Так же как и Бертье. Так же как и несчастный Бертье в Лилле, Бертье, который грызет ногти, изжелта-бледный, отяжелевший, пузатый и низенький Бертье, у которого хрустят суставы, у которого все болит, а сердце порой бьется как сумасшедшее. Он десять раз за этот день начинал письмо и десять раз рвал его. Несомненно, проще было бы ничего не писать, удрать в Париж или в последнюю минуту сказать: нет, я не желаю покидать французскую землю... Да, но только Мария-Елизавета, Мария-Елизавета и дети там, в Баварии. Ах, если бы он не отсылал их туда! Они в Бамберге, да. Поехать за ними, привезти... а позволят ли привезти? Тесть-разумеется... А как австрийский император? Придется писать одиннадцатое письмо.

Ужасное, унизительное. Бог знает, как посмотрит Наполеон! С кем отправить письмо? С Мортье, если Мортье останется...
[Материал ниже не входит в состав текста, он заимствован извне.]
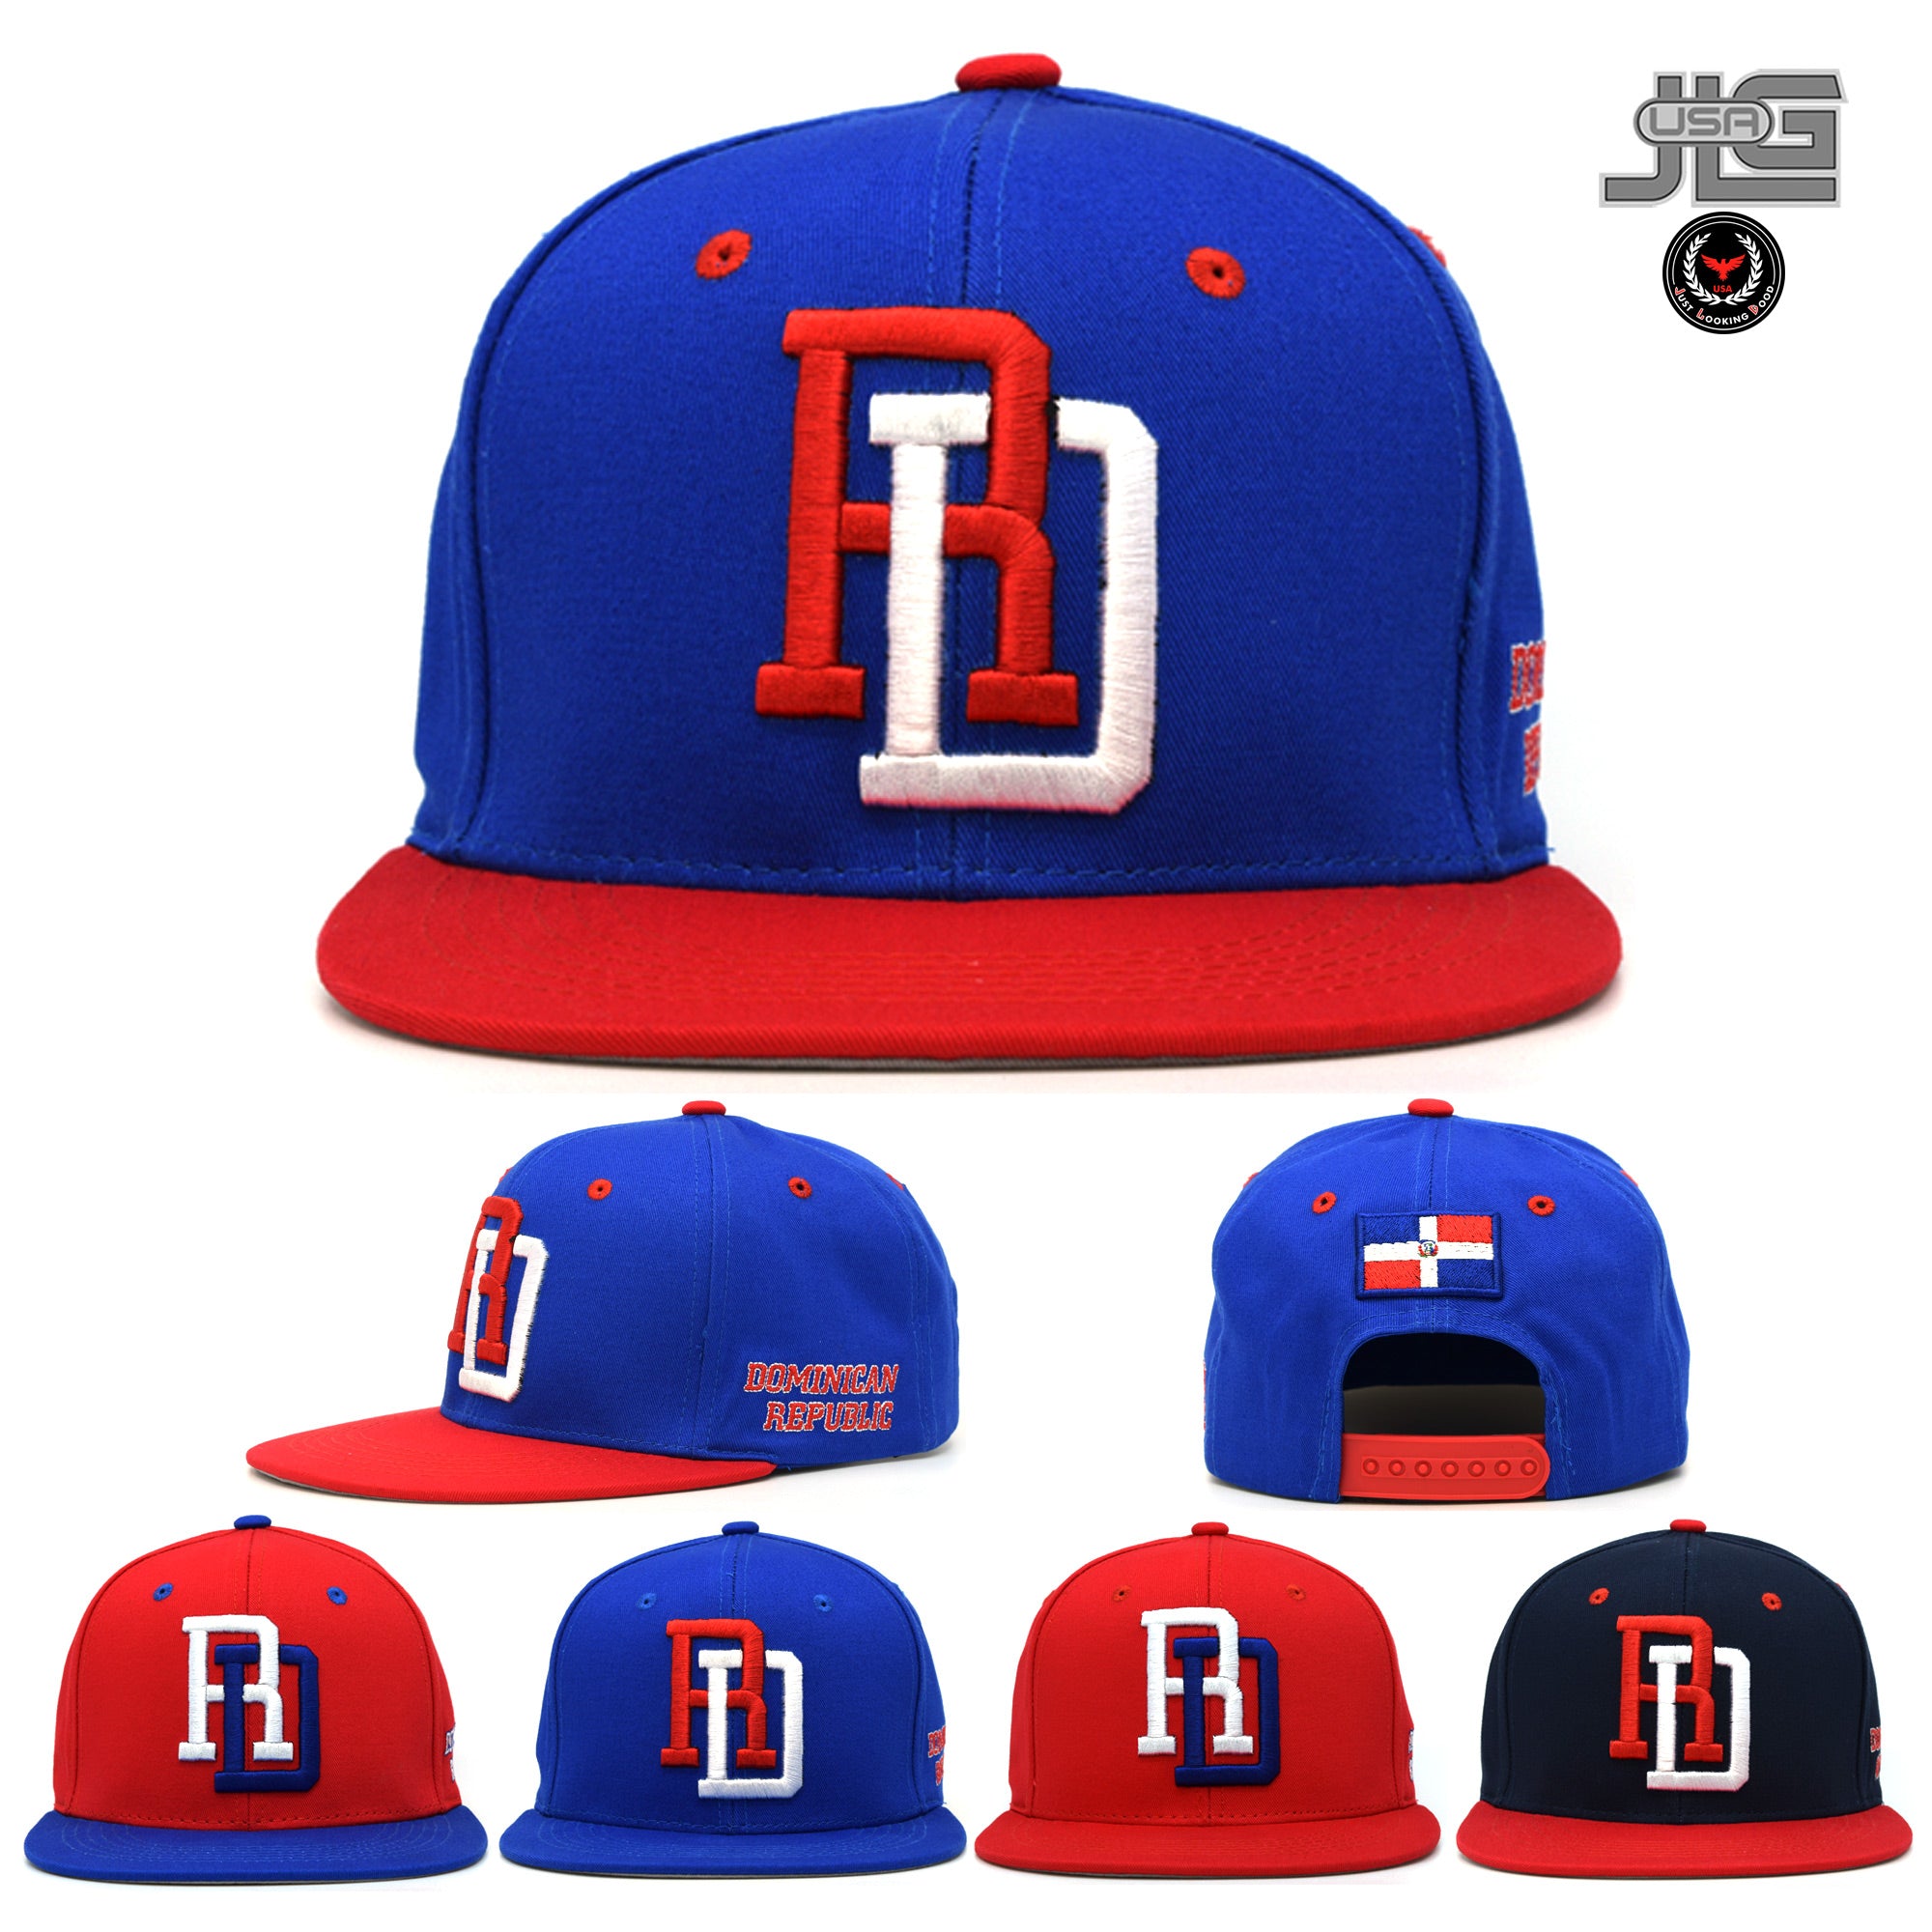 Republica Dominicana Baseball cap RD Cotton Dominican Republic DR Snapback  Hat Cap

Все спуталось в голове Бертье. Франция... эмигрант-какой позор. Всю жизнь он с ужасом воспринимал это слово. И как тяжело расстаться со своими владениями. Он любит Гро-Буа, он любит Шамбор, свой дом на бульваре Капуцинок. В конце концов, в этом его жизнь. Люди после известного возраста похожи на собак: они привязываются к дому. И Бертье старается изо всех сил отвлечь свои мысли от главного и самого мучительного.

Джузеппа.

Несколько слов, оброненных Макдональдом... то, что случилось в Сен-Дени. Он знает, что это, в прошлом году это уже было, доктор ему говорил... И даже если для госпожи Висконти на этот раз припадок окончится благополучно, все равно это шаг к смерти. Одно пугает его больше всего в мире: это мир, в котором он будет один, мир, где не будет Джузеппы. Он может расстаться с ней, не видеть ее, к этому он привык, столько было воин... Кроме того, он не тот, что в пору Египетского похода, в его возрасте уже нет физического рабства, одержимости плотью, нет каждодневных безумств. Но если он никогда больше не увидит ее, если из них двоих он один останется жить... так тяжело рвать со всем своим прошлым. Ах. можно потерять отца, мать - это очень больно в детские годы! Но, если Джузеппа... если Джузеппа умрет, исчезнет все, что было, исчезнет единственное существо, которое понимает его с полуслова, всегда, потому что она знает все-и мелкое, и значительное, и то, что его огорчало, и то, что опьяняло. 'Боже мой, боже мой, я не хочу пережить ее'. Он чувствует боль в сердце, о, как благодарен он сердцу, что оно так яростно бьется! Может быть, сердце разорвется раньше... раньше, чем он узнает... 'Да нет же, я идиот.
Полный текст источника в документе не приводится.